Key stages in this project will be to implement a GAN using open source toolkits and inform image generation using an acoustic analysis of the music signal (e.g. by extracting features related to timbre, pitch, amplitude etc). It is anticipated that the system will be made available via a web service and will be evaluated by a small user group (and will therefore require ethics approval for user testing).

Key requirements

Upload audio as wav file (no need to support other formats) Select a number of keyframes generated by the GAN Provide options for what aspects of the sound file influence the video generation (sound level, frequency content, timbre) Investigate various mechanisms for making the video generation depend on sound quality (pre-process the input to the network, post-process the output from the network, change network parameters) We need a suitable image library for training the network and for use in the system; fairly abstract images (not faces) perhaps of landscape photographs, city scapes etc. For example: type “abstract art” into google image search, use a browser extension to download all the thumbnail images. Maybe a number of different image sets for generation based on different themes (the network could be trained on more general image data) Ideally implement this within a web service so that users can upload a sound file and download the video Do video generation from the GAN output

Suggested split of work (open to discussion)

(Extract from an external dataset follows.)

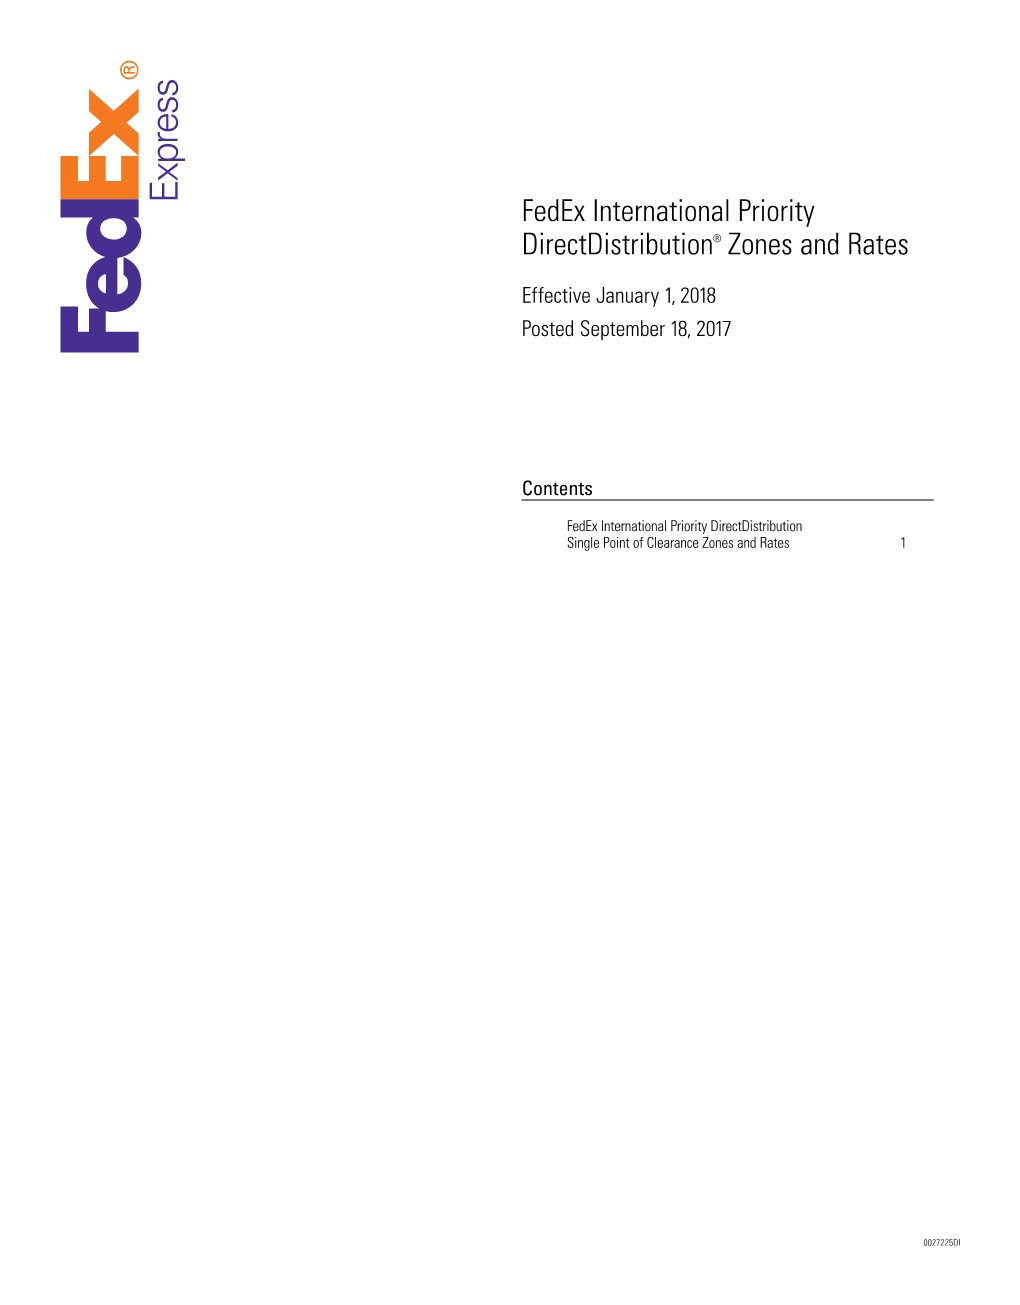 Fedex International Priority Directdistribution® Zones and Rates

Qibin (MSc CS+SLP) Audio feature extraction

Daotan (MSc DA) GAN implementation


Usage

requirements:

pytorch>1.7.0
torchaudio
torchvision
librosa
ffmpeg-python

Before executing the program, please put the audio file to the 'resources/music' folder.

Command:

python main.py --help

outputs:

Auto music video generator

optional arguments:
  -h, --help            show this help message and exit
  --audio AUDIO         audio file path
  --model MODEL         the model used to generate the video (option: 'landscape', 'abstract', 'pretty_face', 'face512')
  --method METHOD       the method applied to the change of video (option: 'base' or 'hpss')
  --emphasize EMPHASIZE

The program uses the base generator and landscape GAN by default. If you don't want to make any customization, you can simply run:

python main.py --audio 'audio'

'audio' is the name of the audio file.